The present study demonstrated that a logarithmic reduction of 5 can be achieved in dirty conditions, for a one minute contact time with the two products under assay, containing either chlorhexidine alone (0.5% w/v) or combined with benzalkonium chloride (0.25% and 0.5% respectively), regarding the mandatory Gram+ and Gram− strains for antiseptic evaluation. In the same time, we also noticed a yeasticidal activity on C. albicans DSM 1386 with a 4 log reduction in similar assay conditions. These reductions were observed at the higher tested concentration (80% v/v) and also at 40% (v/v). The activity was preserved for both tested products in test conditions, i.e. in the presence of high protein load.

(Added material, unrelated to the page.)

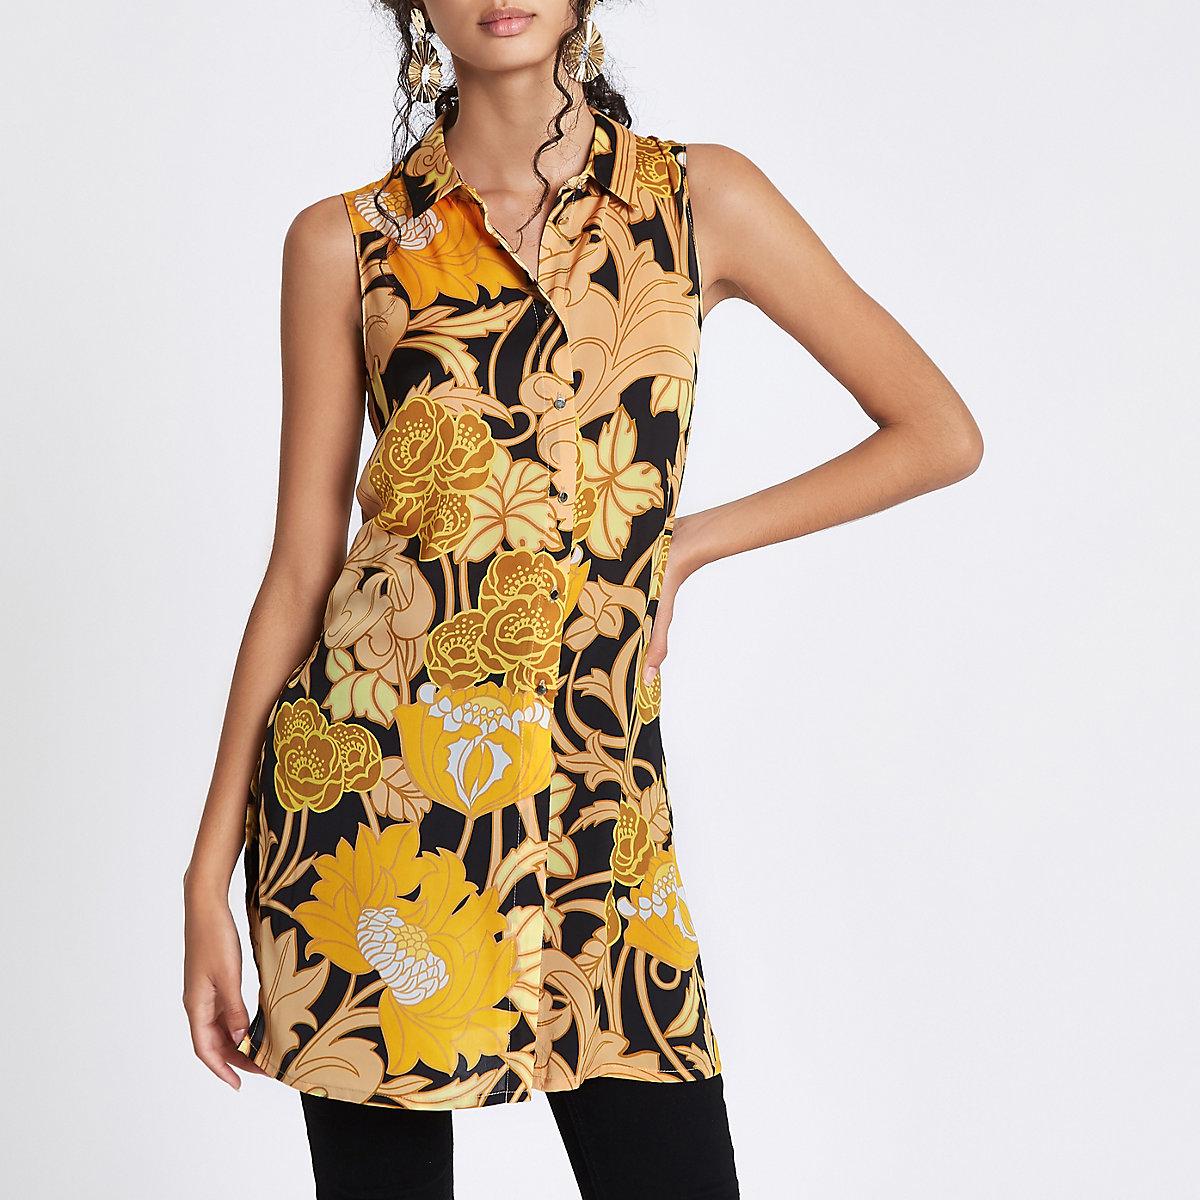 Ärmelloses, langes Hemd in Gelb mit Blumen

Chlorhexidine digluconate is well known for its broad spectrum antiseptic activity (bactericidal against Gram+ and Gram− bacteria and yeasticidal) leading to a large use to prevent infections even regarding antibiotic resistant bacteria [25] . Benzalkonium chloride is a surfactant with detergent activity of the quaternary ammonium family (QACs) that is primarily bactericidal against Gram+ and is aimed to complete the action of chlorhexidine. Both active substances are cationic agents and express bactericidal activity by similar mechanisms of action: lesion of the cell wall and cytoplasmic membrane, and intracellular precipitation of proteins [26] [27] [28] [29] . Combination of chlorhexidine and QACs as benzalkonium chloride was frequently considered positive. In 2004, Cabotin et al. [16] demonstrated that the bactericidal activity of chlorhexidine (0.2%) was impaired by albumin (0.3%) but maintained when combined with benzalkonium chloride (0.5%). We recently confirmed this positive interaction when both active substances were combined in the same concentrations and ratio than those tested by Cabotin et al. [30] .

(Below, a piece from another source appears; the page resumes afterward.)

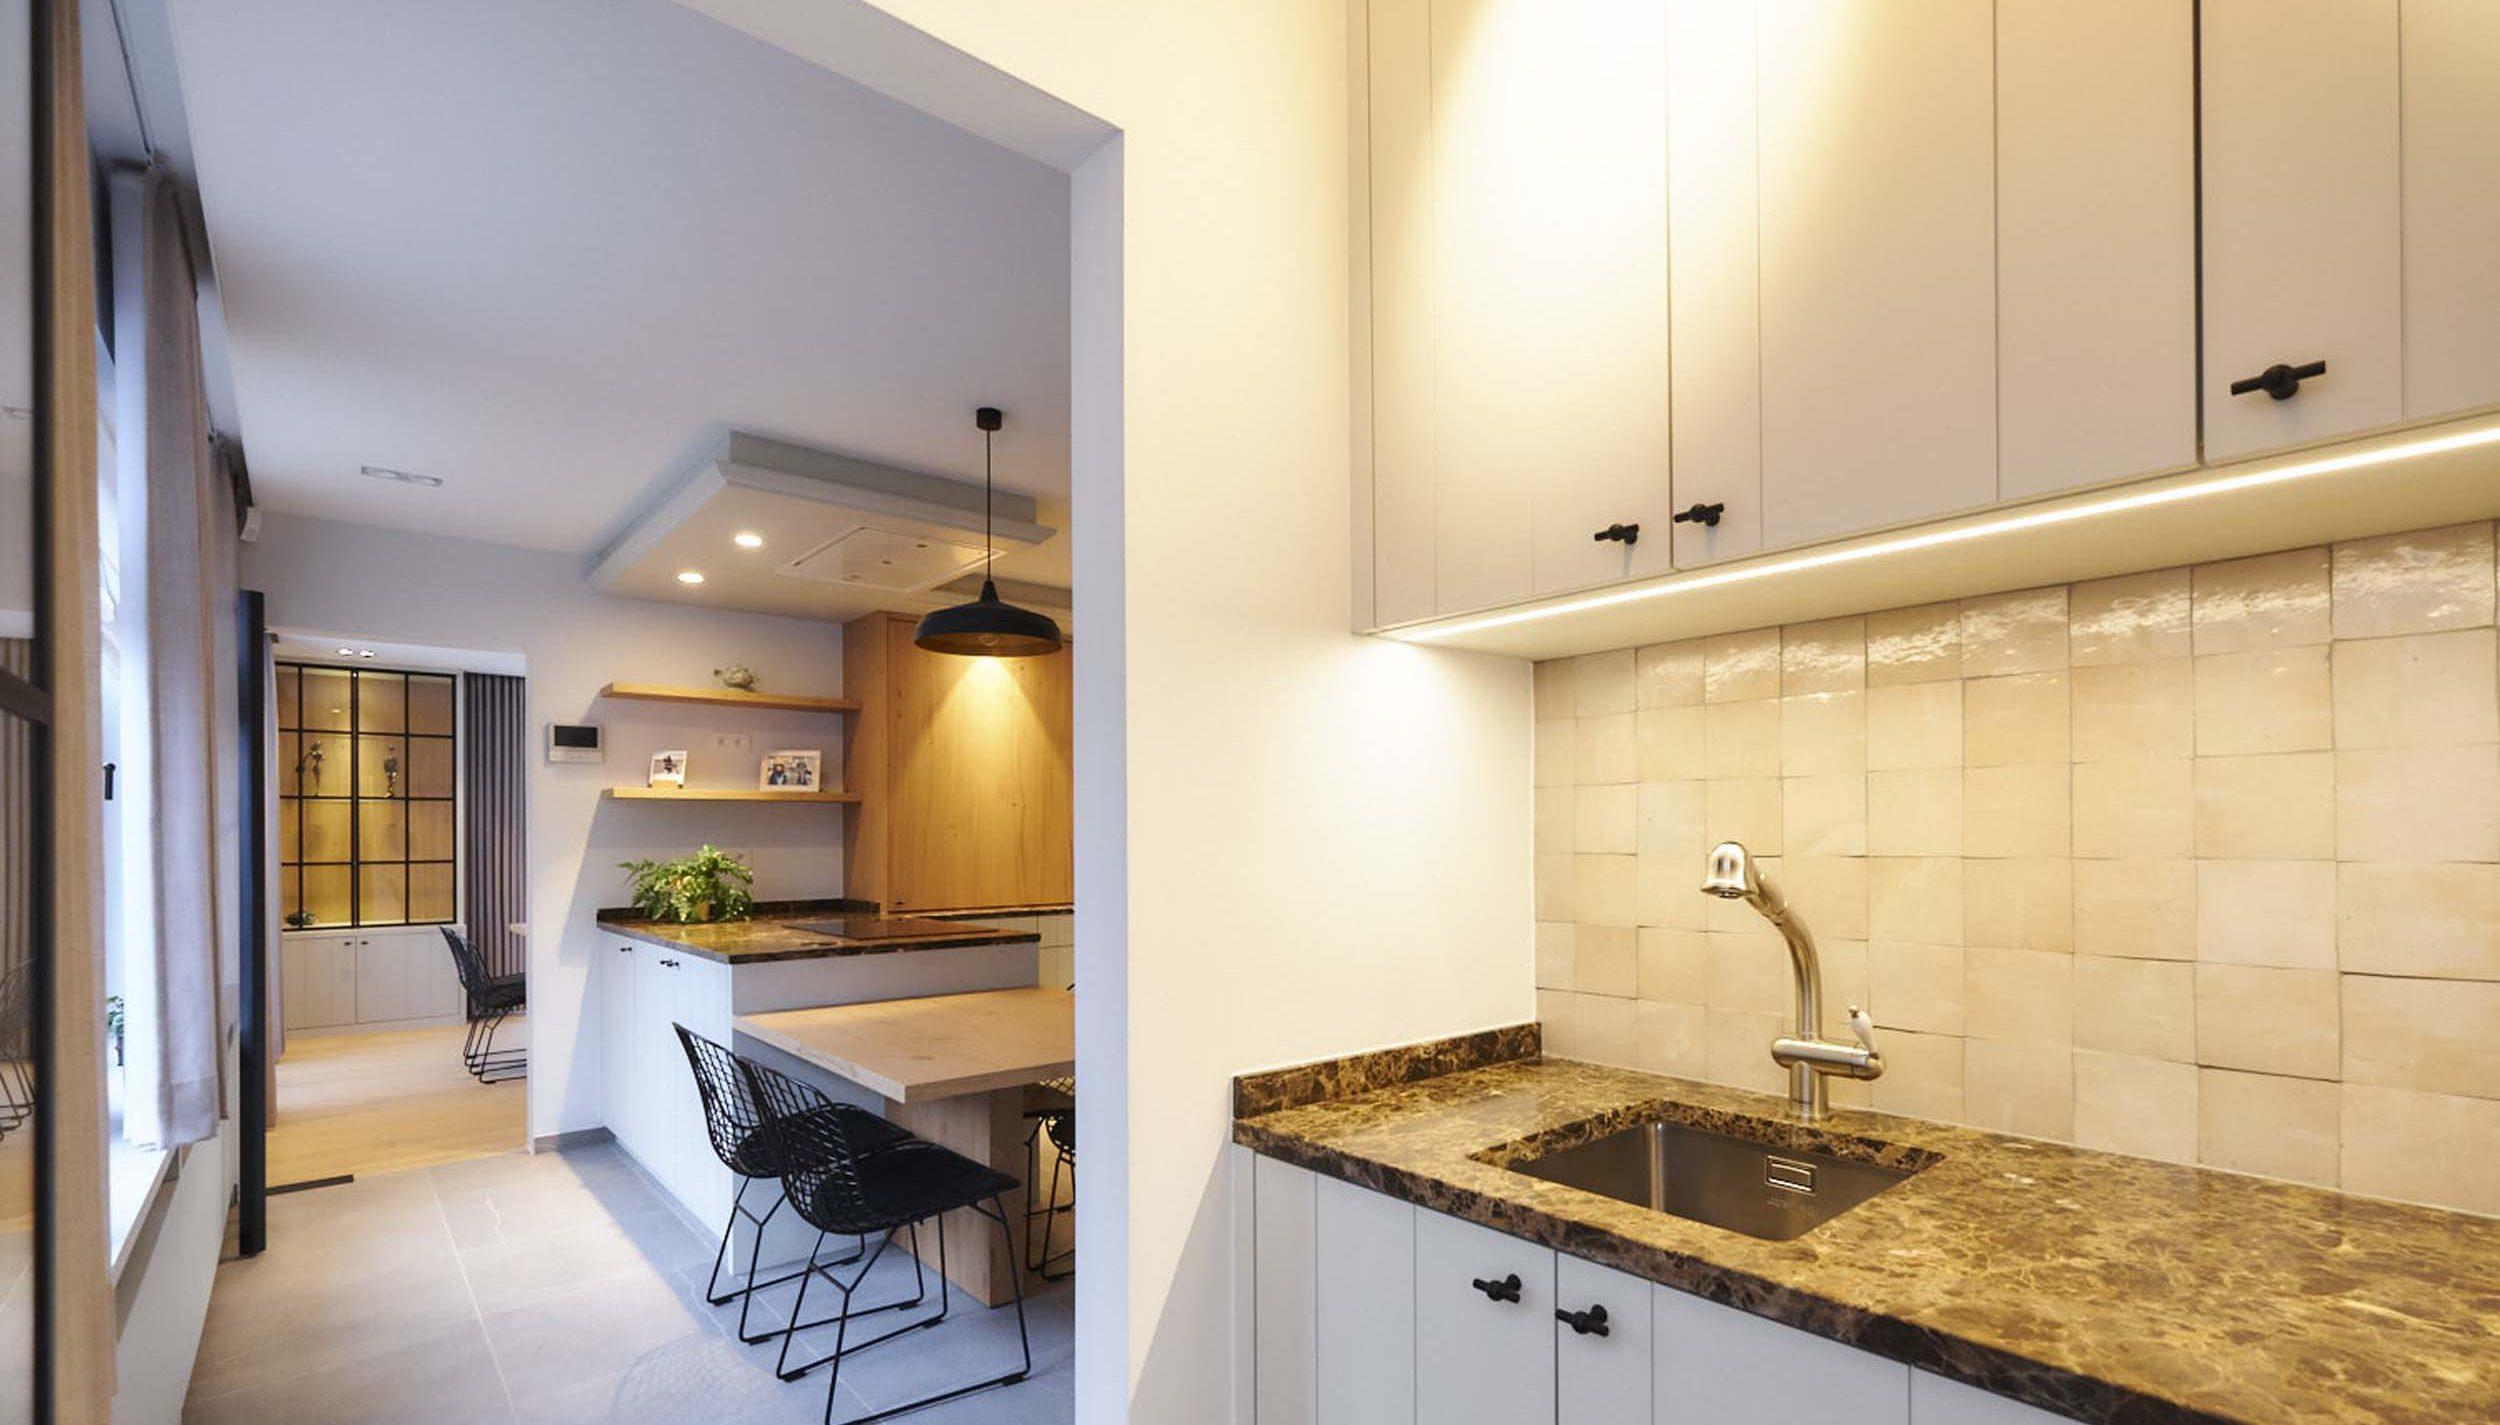 Vanda-projects-interieurinrichting-meubelmakerij-oost-vlaanderen-vilez-keuken-inrichting

Here we demonstrated that chlorhexidine alone at 0.5% (w/v) presented the same or slightly higher level of antiseptic activity than a solution of chlorhexidine at a concentration 2 times lower but in combination with a very low concentration of benzalkonium chloride 0.025% (w/v) and benzylic alcohol (4%). Those results underlined the importance of the formulation and its final validation regarding interactions expected between active substances, objectives and uses. Currently, many questions are under light regarding benzalkonium chloride, a detergent and preservative found frequently in health care and household products, as an irritant and sensitizer [31] [32] . Wentworth [31] noted a progressive increase from 2001 through 2005 and 2006 through 2010 in the rate of allergic patch test results to benzalkonium chloride at the Mayo Clinic which classes this molecule among the top 10 most frequent allergens in their standard. In the same time, Isaac [32] evaluated benzalkonium chloride as an allergen (patch test) on patients with suspected allergic contact dermatitis. The prevalence of positive reaction in the tested population led the authors to recommend precautions for patients with compromised skin barriers. Most of all these studies underlined the need of a discriminate and proportionate use of molecules with antimicrobial properties as benzalkonium chloride and other AQCs to avoid potential cross-reactions.
5. Conclusion
In conclusion, this study demonstrated the efficient bactericidal and yeasticidal activity of aqueous solutions containing chlorhexidine digluconate either alone at a concentration of 0.5% (w/v) or at a concentration of 0.25% (w/v) when combined with benzalkonium chloride at 0.025% (w/v) and benzylic alcohol 4%. Regarding the respective formulations, indications and uses have to be considered carefully taking into account the interests and risks for each active substance.
Acknowledgements
This project was supported by Pierre Fabre Dermatologie.